Hach ja. War das schön…

10 Dinge
 

10 Begegnungen

Datum: 9.6.2008
  1. Ein schwangeres Mädchen, zusammen mit ihrer Freundin. Die Schwangere hat einen unbeschwerteren Gang als die andere.
  2. Eine alte Frau im Rollstuhl, der geschoben wird von einem, der ihr Sohn sein, aber auch das Zimmer neben ihr im nahe gelegenen Seniorenwohnheim inne haben könnte. Vielleicht trifft auch beides zu.
  3. Ein Kaugummi kauender Parksheriff, der mich so misstrauisch ansieht, als hätte er einen Röntgenblick für verjährte Parksünden.
  4. Ein Kind mit Hamburger in der Hand unterhält sich in einer fremden Sprache, unverständlich, jedoch sehr enthusiastisch, mit einer Gegensprechanlage.
  5. Auf ein fremdes Fensterbrett gestützt mache ich Notizen, als ein älteres Paar vorbeigeht, jäh verstummt und mich unverhohlen und abschätzend mustert. man hat nicht in der Öffentlichkeit zu schreiben, sondern sich unauffällig zu verhalten.
  6. An der Ampel: eine Frau mit einem kleinen Kind an der Hand, das allem Anschein nach ihr Enkel ist.
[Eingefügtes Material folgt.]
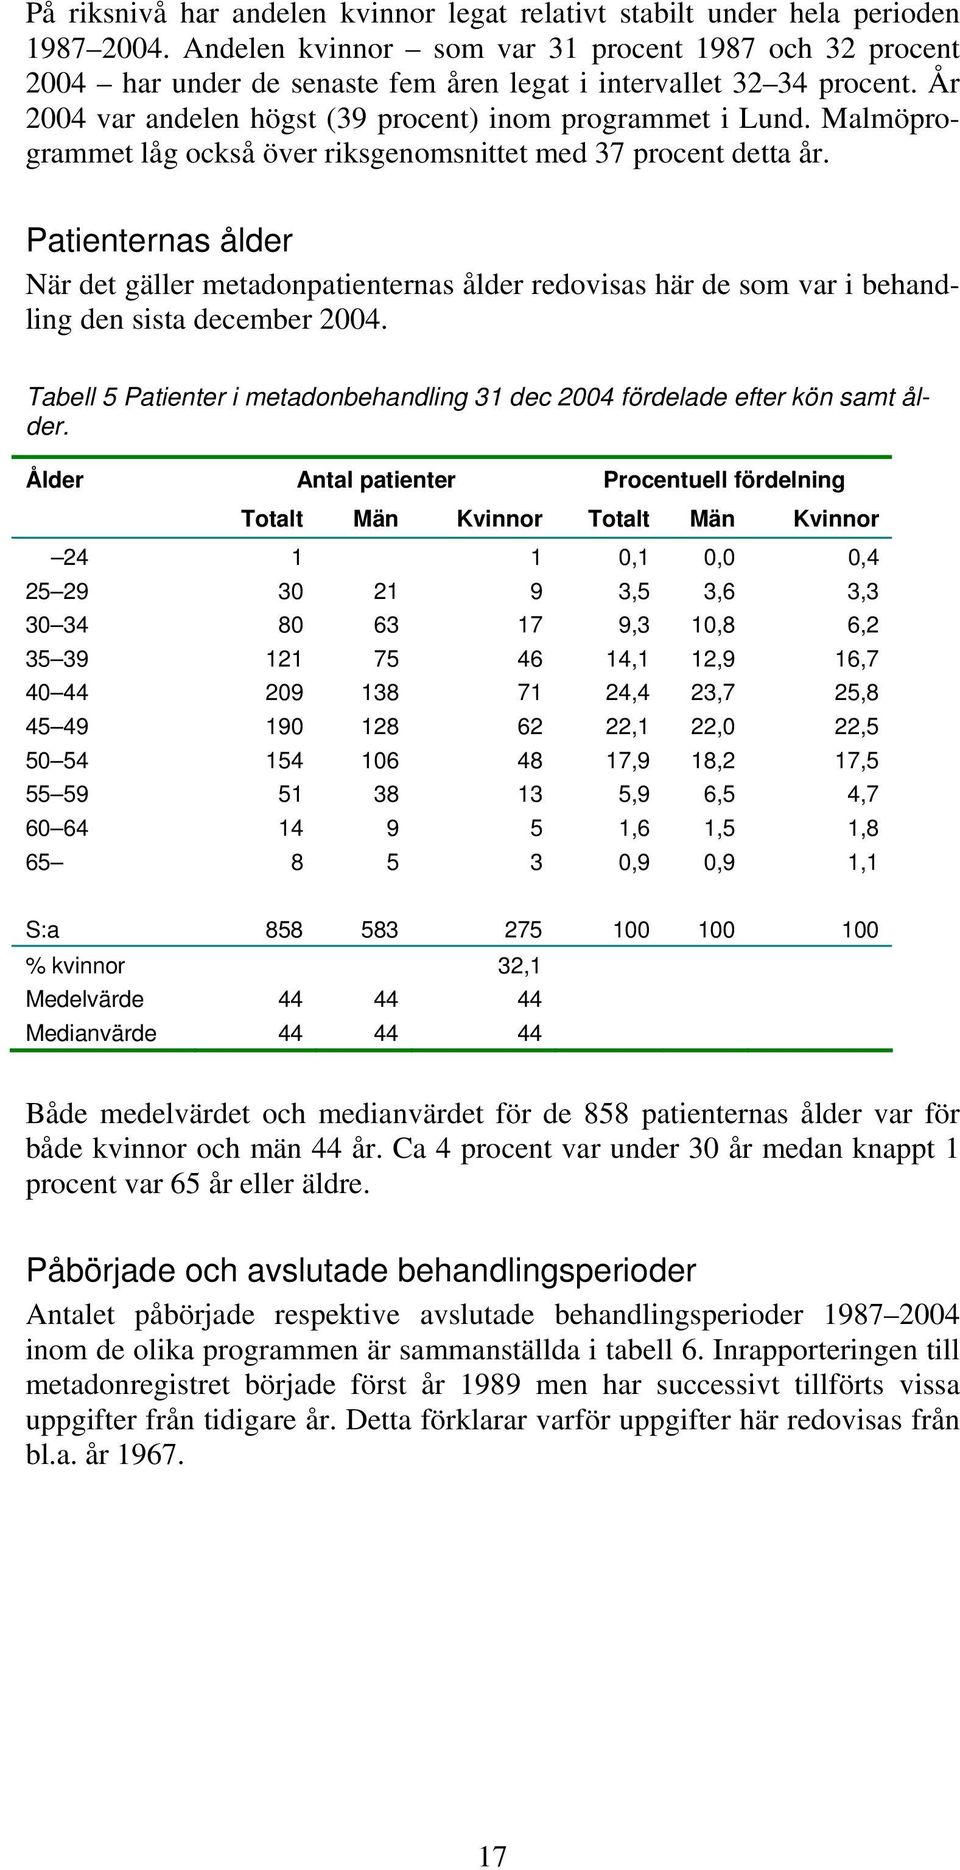 Malmöprogrammet låg också över riksgenomsnittet med 37 procent detta år. Patienternas ålder När det gäller metadonpatienternas ålder redovisas här de som var i behandling den sista december 2004.

Sie haben beide die gleiche Frisur.
  7. “Hallo, hast du zwei Minuten Zeit? Es geht um etwas wirklich Wichtiges!” – “Es geht immer um etwas wirklich Wichtiges…” Ich habe keine Lust, für den WWF zu spenden.
  8. Vor einem Haus, von dessen Dach Fahrräder hängen, sitzen Menschen auf einer Bank unter dem einzigen Baum in der langen, grauen, schmutzigen Straße, und wirken dabei so entspannt und heiter, als säßen sie in karibischer Idylle unter Palmen.
  9. In der Fußgängerzone spielt ein Bettler Geige. Ein anderer kommt vorbei, Zigarette im Mundwinkel, Kleidung ungepflegt, Laune aber offensichtlich blendend, beginnt spontan zur Geigenmusik zu tanzen. Der Alte lacht.
  10. Eine Frau versucht vergebens eine Schiebetür zu putzen. Immer, wenn sie über die verschmierte Scheibe wischt, gleitet diese zur Seite, und sie muss warten, bis sich die Tür wieder schließt, und das Spiel von neuem beginnt.
10 Dinge
 

10 Dinge, die am Gehsteig lagen

Datum: 29.5.2008

Beim ziellosen Wandern durch die Straßen…

  1. Plastiklöffel vom Eis essen (2x – jahreszeitbedingt)
  2. Einkaufszettel (jemand hat Semmeln gekauft)
  3. Einladung einer ominösen Firma nebenbei 200 € pro Woche zu verdienen
  4. Bratwurst (nein, das versinnbildlicht nichts! Da lag tatsächlich eine Wurst. Nicht mehr, nicht weniger…)
  5. Zertretene Blume (metaphorisch anfällig)
  6. Coffee-to-go Pappbecher (von Eduscho. Interessant, weil der nächste, grob gesprochen, am anderen Ende der Stadt liegt)
  7. Feder (2x – mutmaßlich Taube)
  8. Hund (lag tatsächlich am Gehsteig herum. Als hätte man ihn da vergessen… [Beweis])
  9. Tennisball (womöglich gehörte er dem Hund…)
  10. Fahrrad ohne Sitz

PS: War besessen von der Idee, eine Münze zu finden. Blieb unbefriedigt, leider.